From start to end, write out the following data exactly, apart from its images.

***** DATASET EXTRACT *****

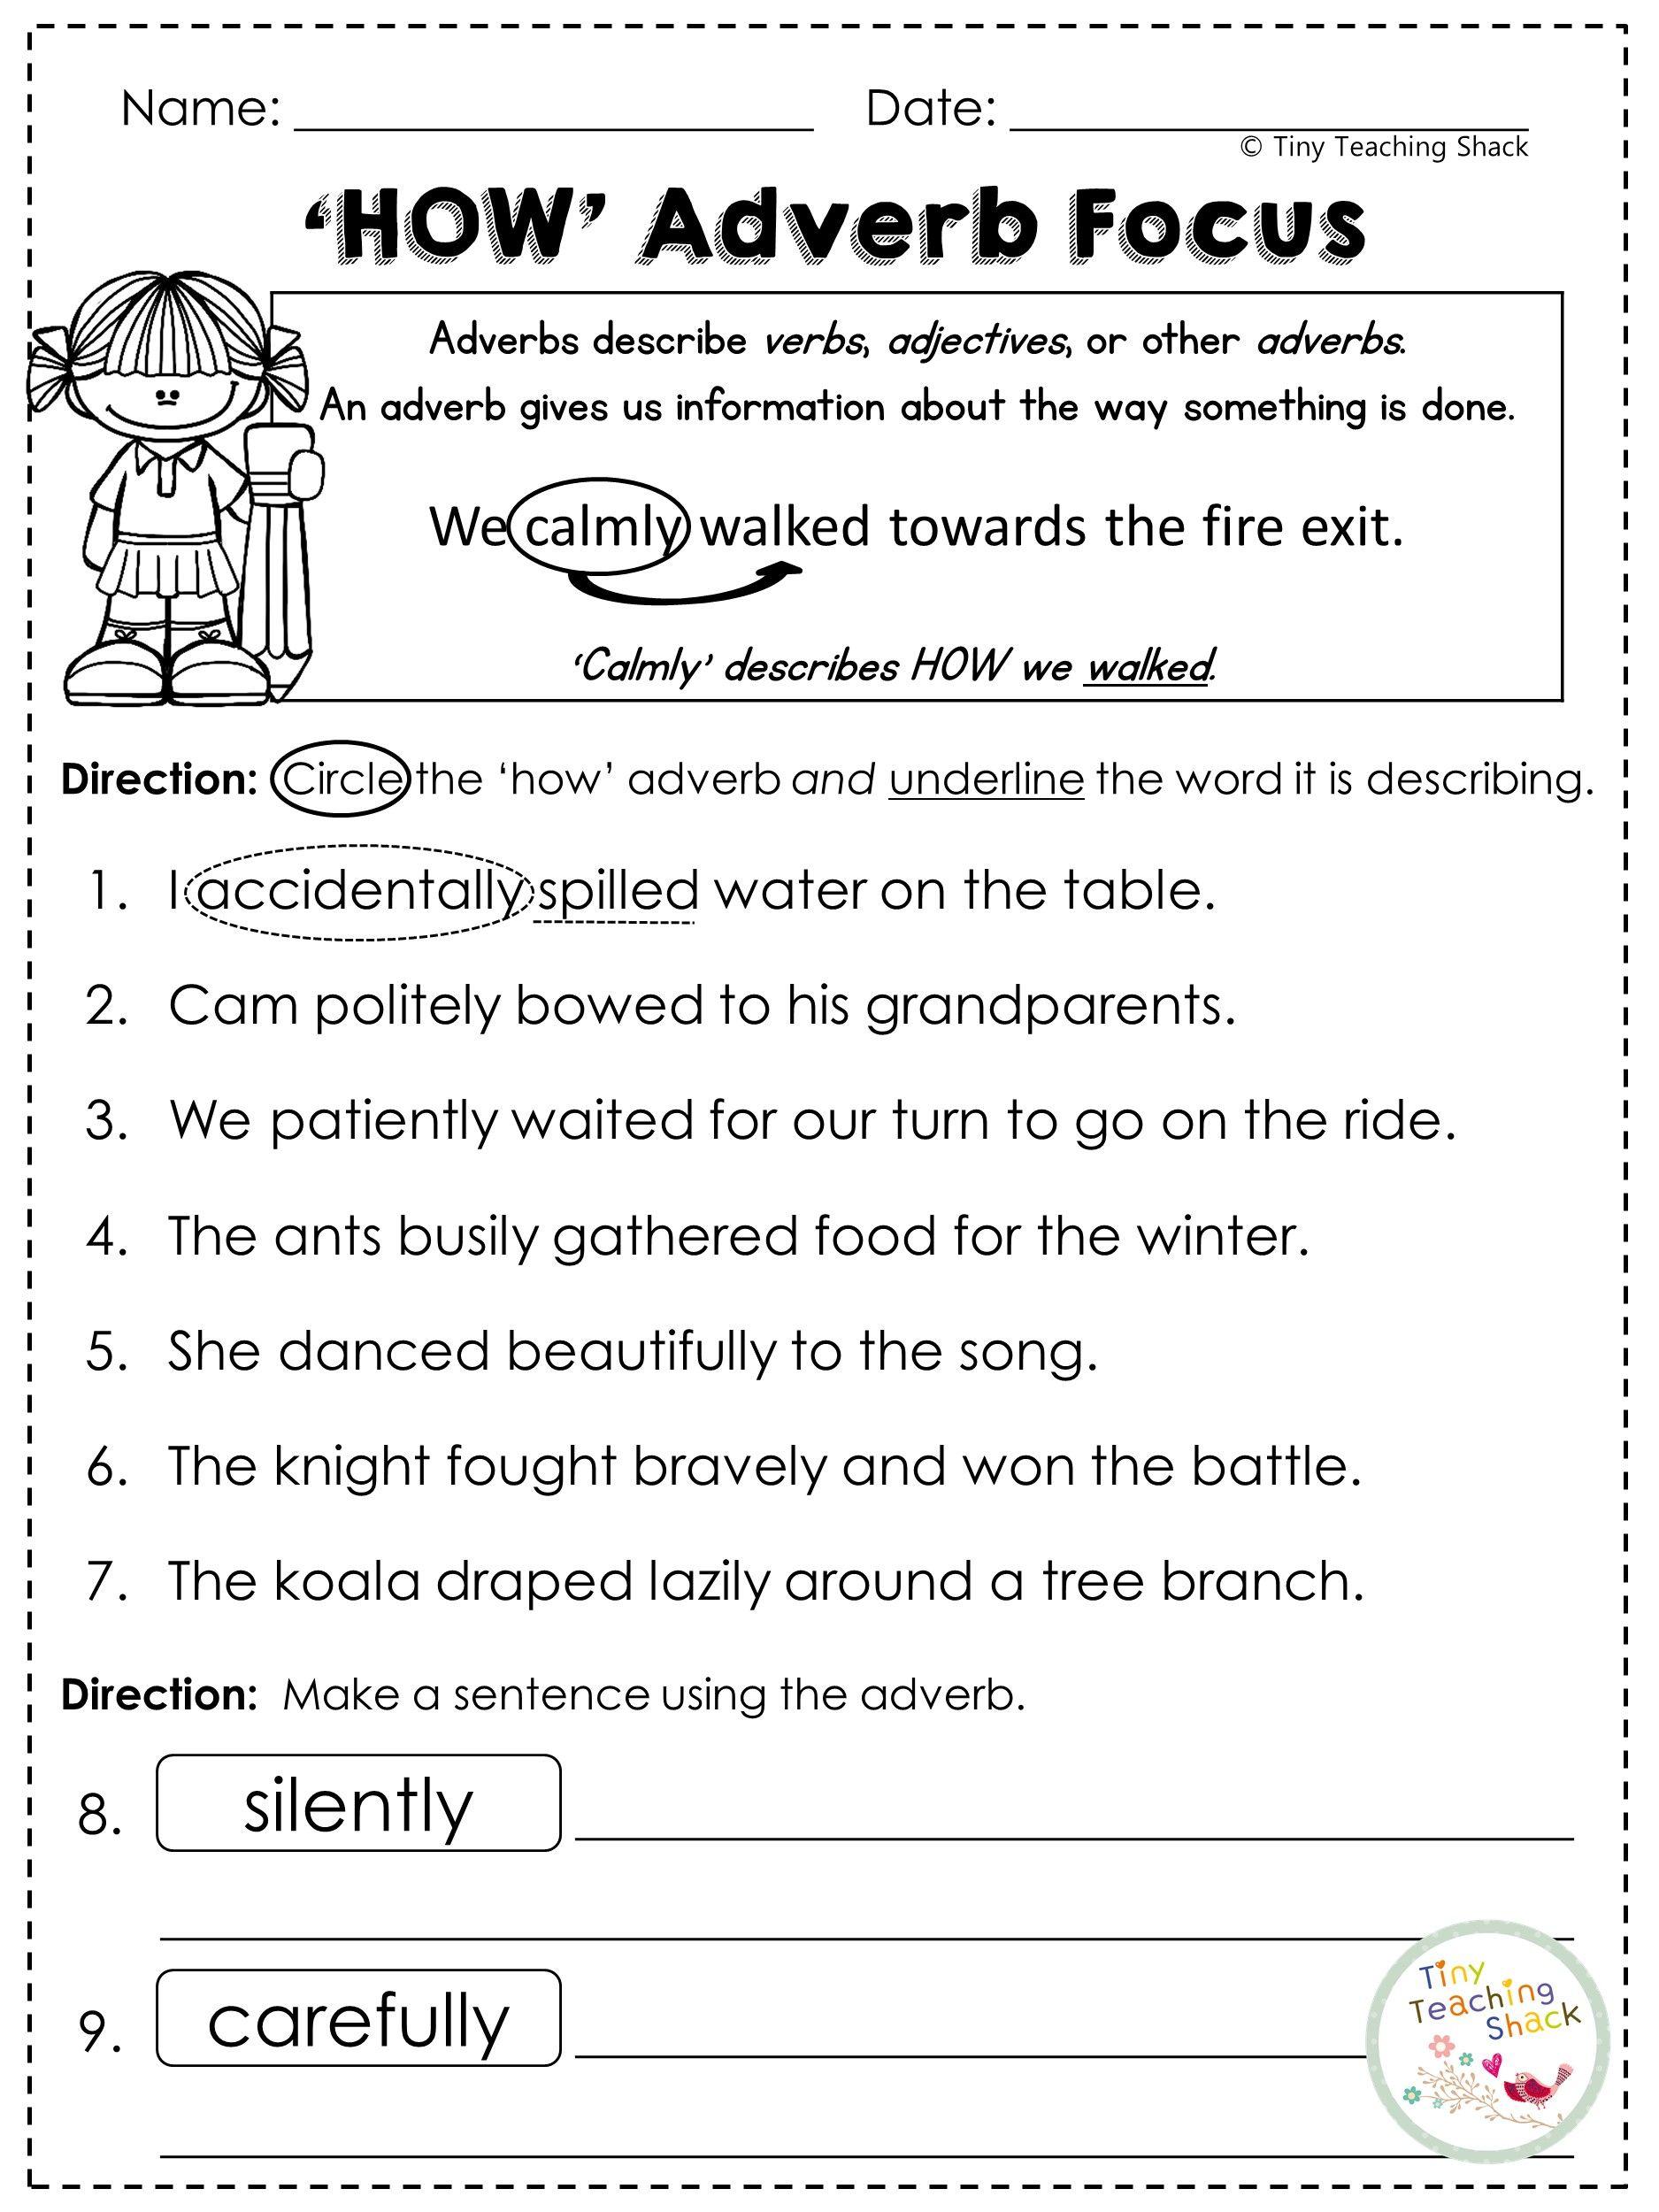 Adverbs Worksheet Adverbs Worksheet Adverbs Learn English Words
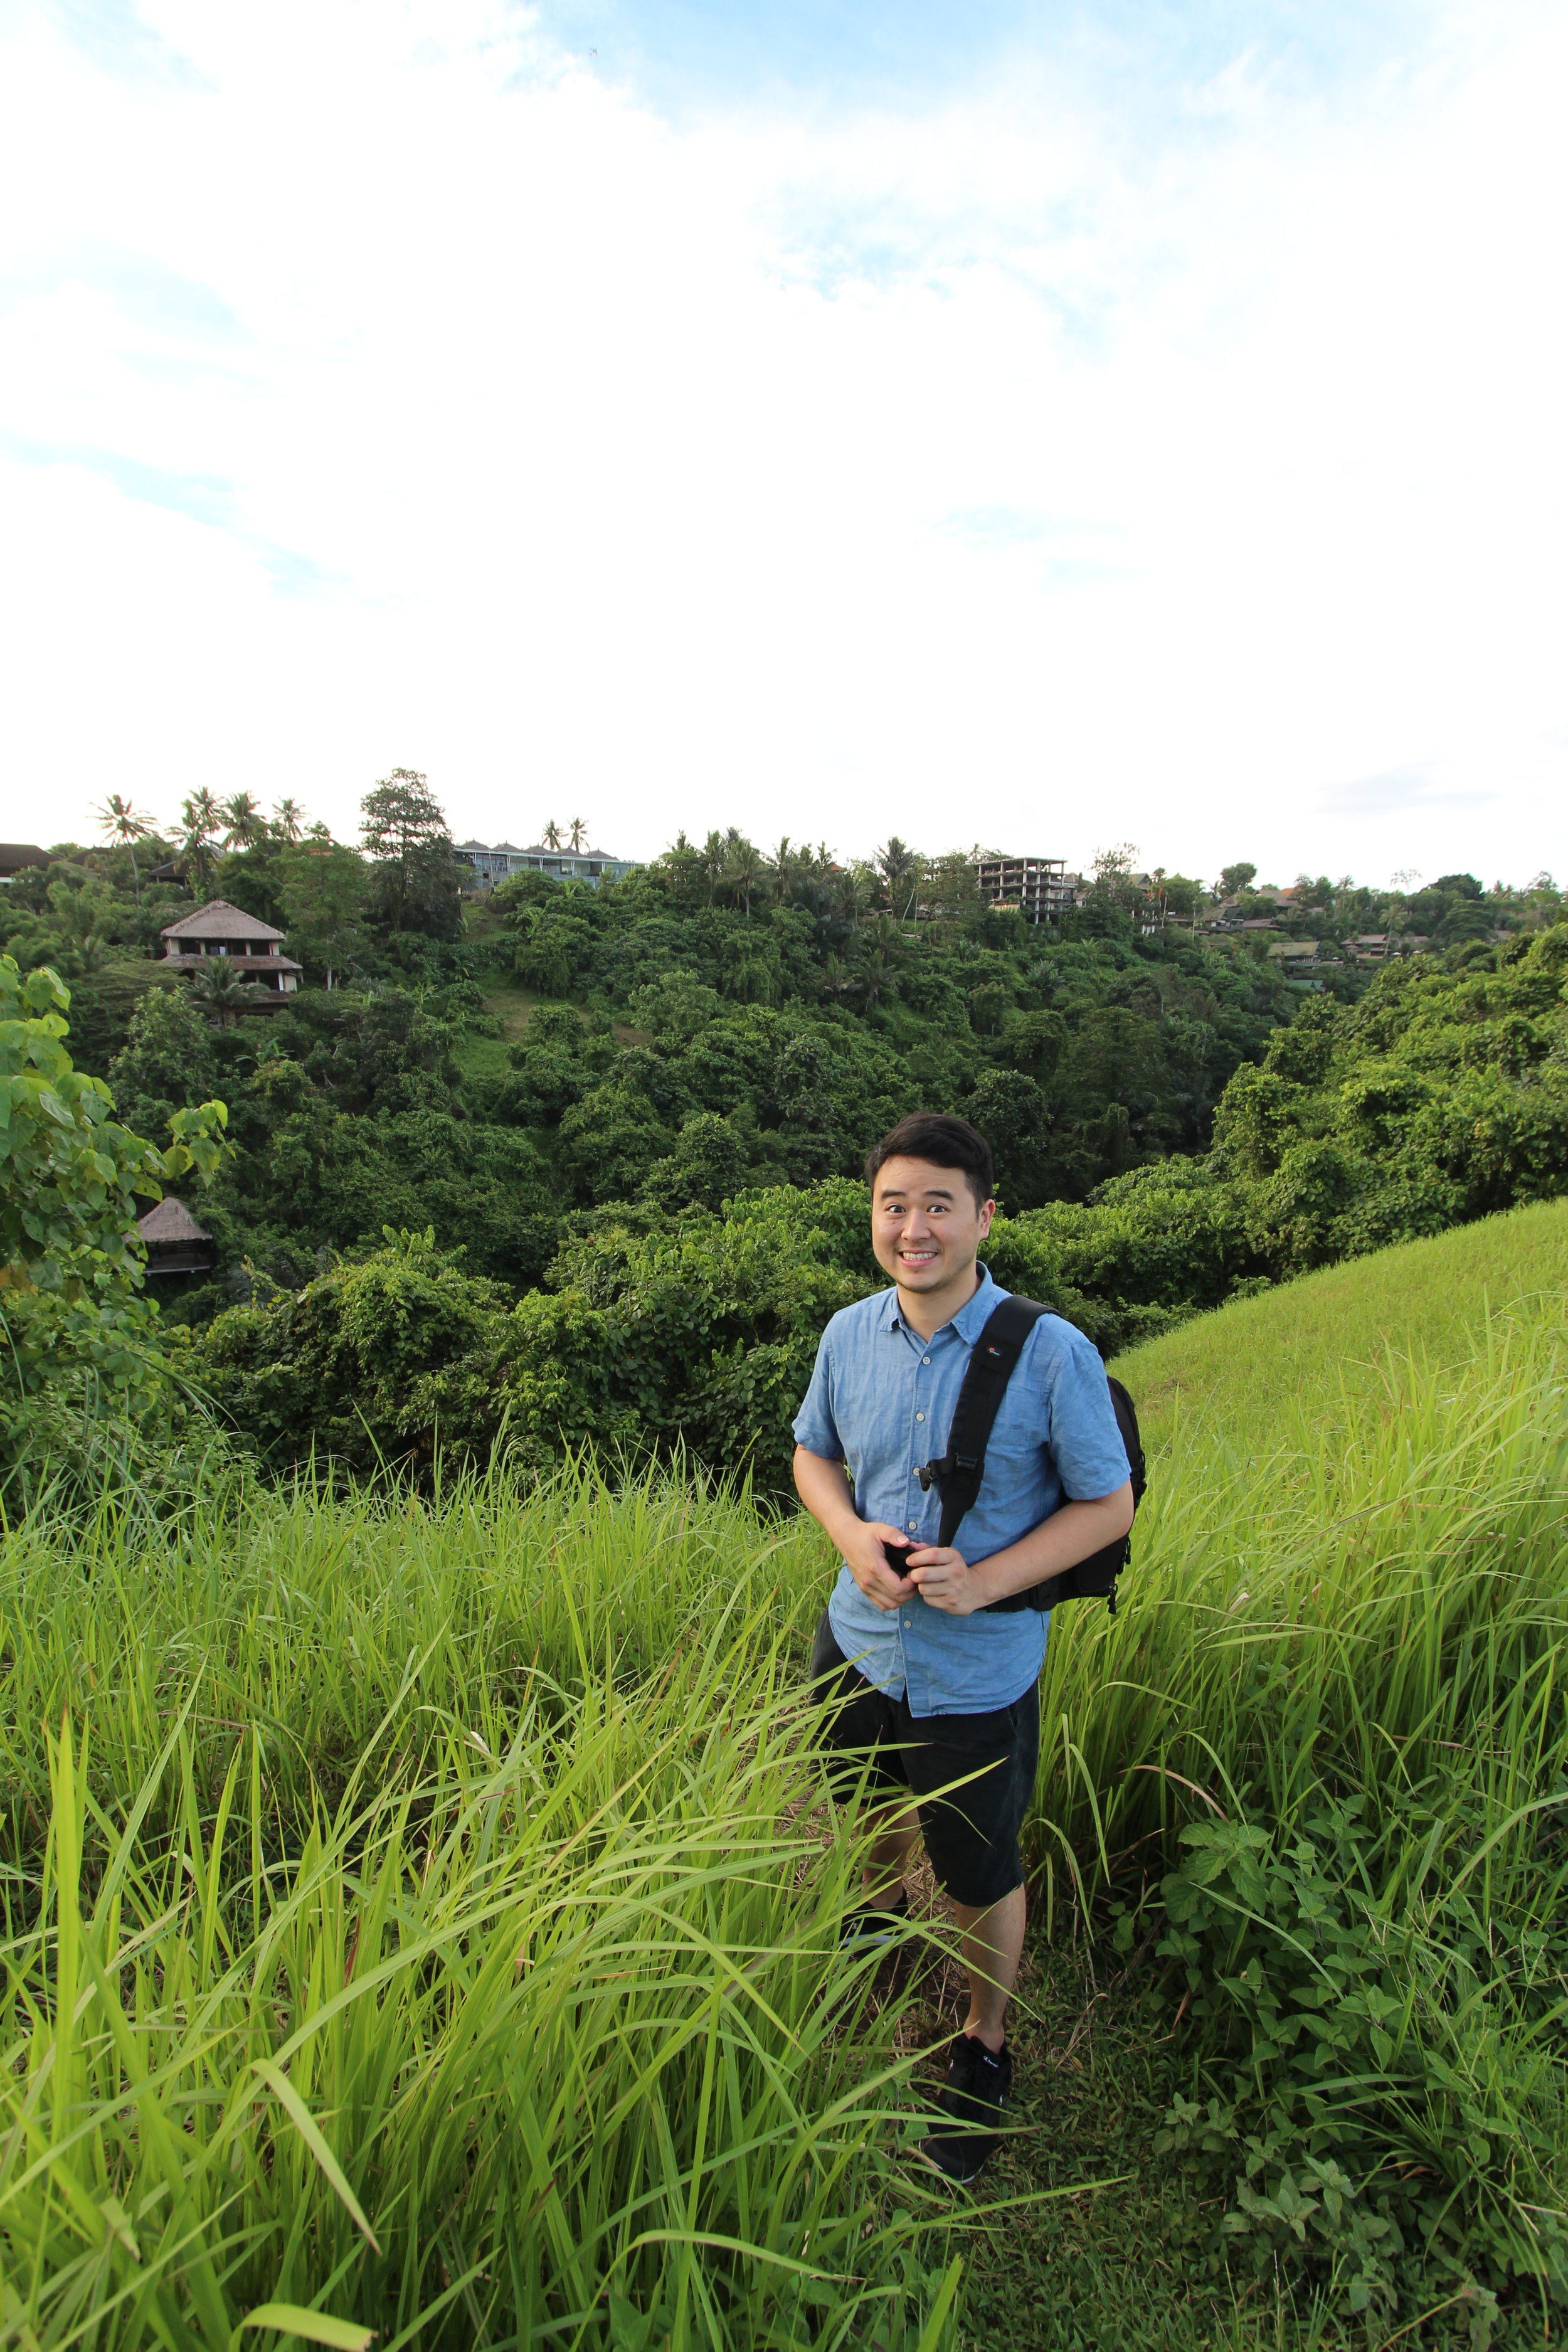 Me in Wazuka, Kyotoat the Obubu Tea Farms office.
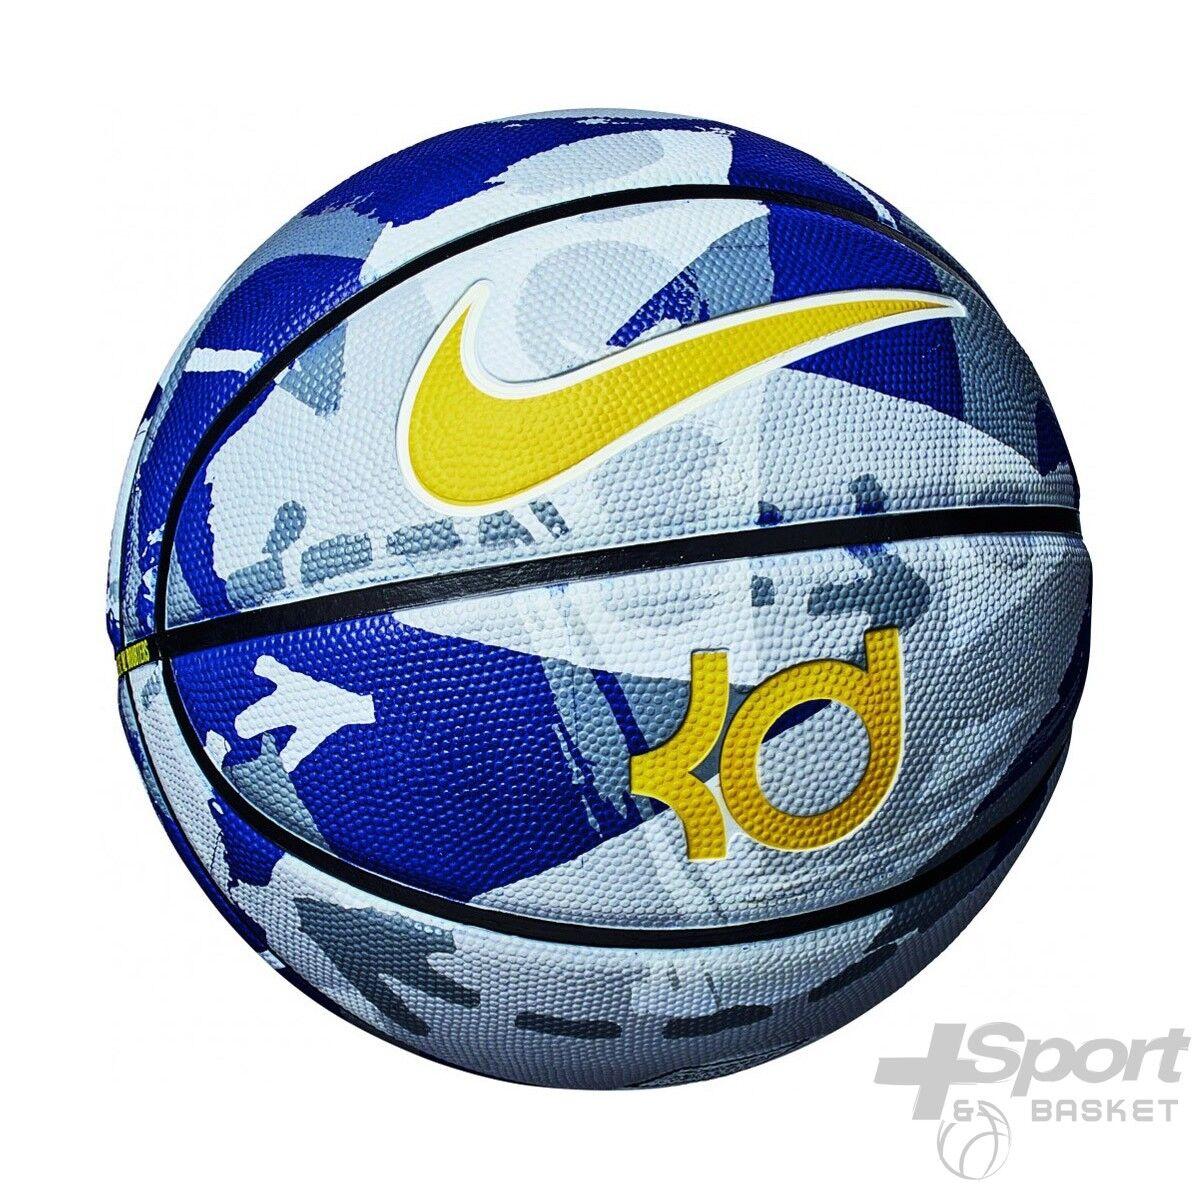 Ball Ball Ball Basketball NIKE KEVIN DURANT Spielplatz Größe 7 - NKI1398707 828c7b

*****

EXERCISE SOLUTION:
 Adverbs Worksheet Adverbs Worksheet Adverbs Learn English Words
 Me in Wazuka, Kyotoat the Obubu Tea Farms office.
 Ball Ball Ball Basketball NIKE KEVIN DURANT Spielplatz Größe 7 - NKI1398707 828c7b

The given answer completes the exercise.